WSJS-TV: Early years
The Piedmont Publishing Company, publisher of the Winston-Salem Journal and Twin City Sentinel newspapers and owner of radio station WSJS, filed in May 1949 for channel 6, then assigned to Winston-Salem.[1][2] The other application for channel 6 came from the actress Mary Pickford, who filed concurrently for stations at Winston-Salem and Durham. These applications were left to wait for the Federal Communications Commission to end its then-prevailing freeze on new television station grants.[3][4] When the FCC changed its allocations ahead of lifting the freeze in April 1952, it instead gave Winston-Salem channel 12. Piedmont Publishing petitioned the FCC to restore channel 6, to no avail.[5][6] The end of the freeze brought a third applicant into the channel 12 fight: Winston-Salem radio station WTOB, which filed in June but had been planning a television station since 1947.[7] WTOB opted at the start of 1953 to switch its application from channel 12 to UHF channel 26.[8]
On May 26, 1953, Piedmont Publishing and Pickford agreed to combine their applications, with Pickford receiving a one-third stake in the Triangle Broadcasting Corporation, the proposed licensee of channel 12.[9] The move appeared to speed up the arrival of channel 12 until the owner of WAAA, Community Broadcasting, tendered its own application days later.[10] Recognizing that this application would stall the availability of television in Winston-Salem, Community president F. Roger Page Jr. withdrew his company's application, and the FCC awarded a permit for WSJS-TV on July 9, 1953. The new station was announced to broadcast from the WSJS-FM site east of Winston-Salem.[11] WSJS-TV began broadcasting on September 30, 1953, airing the 1953 World Series and NBC network programming. It was the second TV station to go on the air in Winston-Salem in four days, with WTOB-TV starting service on September 26 and airing ABC and DuMont programs.[12] In 1955, the station relocated its transmitter facility to Sauratown Mountain in Stokes County and increased its
The station went through many staff in its early days as television was a new industry in itself. Local programs such as The Johnny Comas Show and the news attracted audiences; staff moved back and forth between radio and television. The cramped quarters prompted the lobby to become storage for appliances shown in commercials, and the air conditioning system could not compensate for the hot studio lights.[17] Johnny Beckman, who later was a meteorologist for several stations in Atlanta, joined the WSJS-TV staff in 1954 and recalled working in its early years:[18]

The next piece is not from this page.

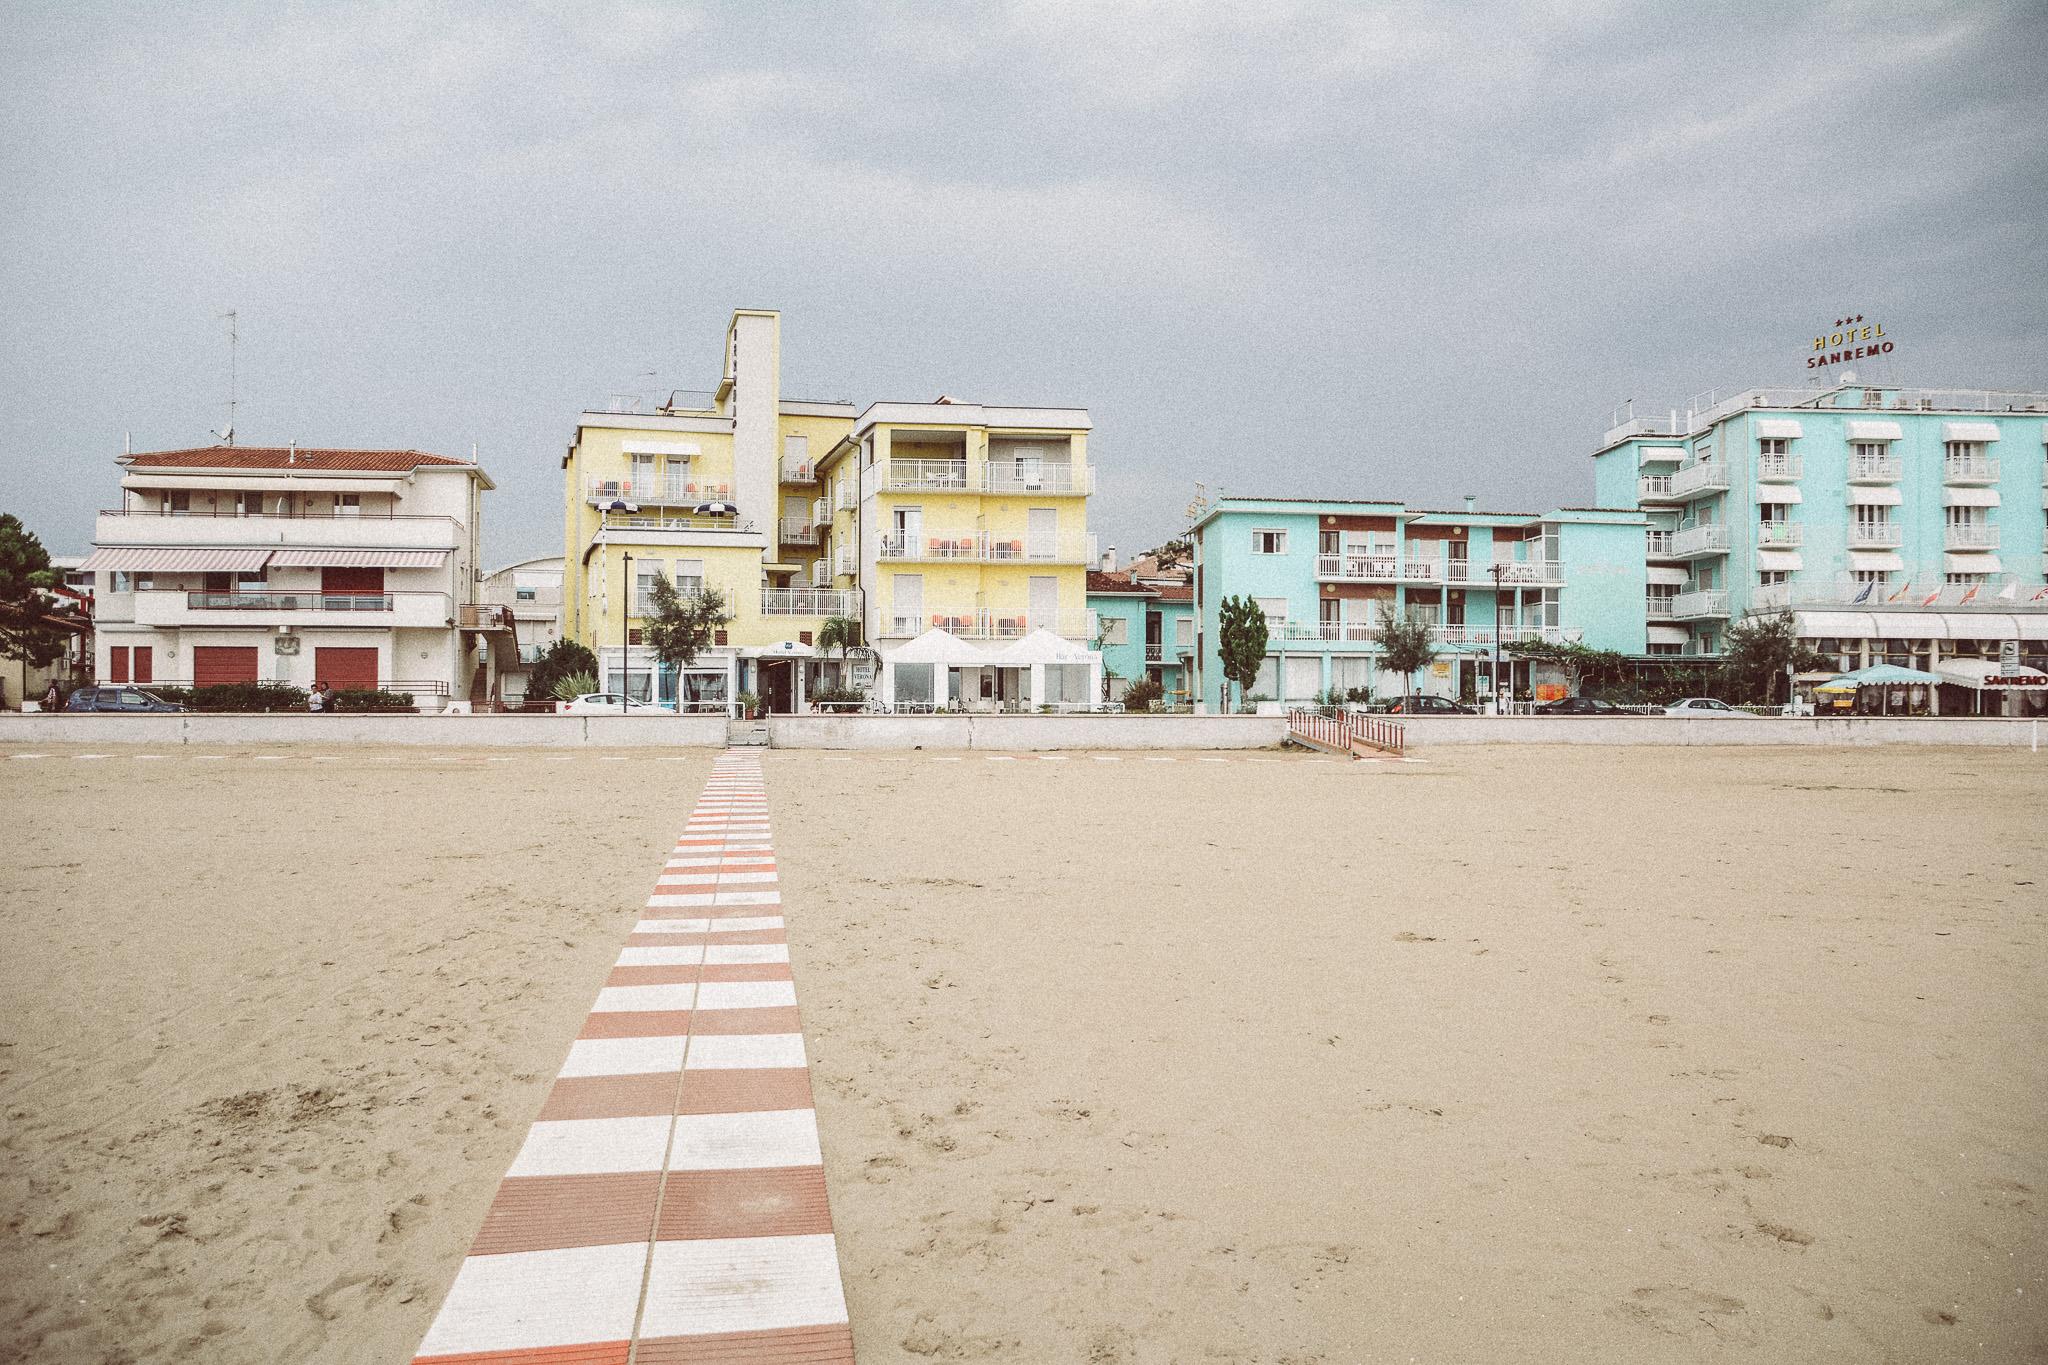 09-20-Caorle-beach-41_LR edited_FB.jpg

"There were three of us, and we all did multiple jobs—the weather, commercials, a teenage dance party. We were all scrambling around trying to make a living. Broadcasting was not high-paying then. The pay has certainly improved, but it was a more enjoyable career than it has become now."

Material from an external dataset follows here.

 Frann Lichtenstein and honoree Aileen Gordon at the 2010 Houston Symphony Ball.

Piedmont Publishing held an option to buy out Pickford's stake in WSJS-TV and exercised it in 1956. However, in April 1958, Piedmont Publishing sued Pickford in Los Angeles County Superior Court in California, alleging that Pickford and her husband Charles "Buddy" Rogers had turned down the $126,812 in checks sent to them—on an initial investment of $50,000—as not enough money.[19] The case went to trial in March 1959; lawyers for Pickford and Rogers stated that their clients valued their stake in the station at $1 million.[20] Pickford claimed that she was made to believe that Piedmont would never exercise the option.[21] After 11 weeks, the judge ordered Pickford and Rogers to sell their stock for $133,243, a price just above what Piedmont had paid for it.[22] Pickford petitioned for this amount to be increased but lost.[23] The matter was settled in 1966, when Pickford and Rogers sold their stake back to Piedmont Publishing for an undisclosed price.[24]
In January 1963, Piedmont Publishing purchased a parcel of land on Coliseum Drive for future expansion use by the WSJS stations.[25] Construction began on a 33408 ft2 studio facility in May 1965. The new building offered two television studios, up from one, as well as an internal courtyard capable of being used as a studio.[26] WSJS-TV began operating from the new building, known as Broadcast House, in November 1966.[27] Though WSJS-TV had broadcast network color programs since 1954, the new equipment at Broadcast House included color studio cameras, allowing local news and other programs to be presented in color.[28] The newspapers were spun off to separate ownership in 1969 when they merged with Richmond Newspapers Inc. to form Media General.[29]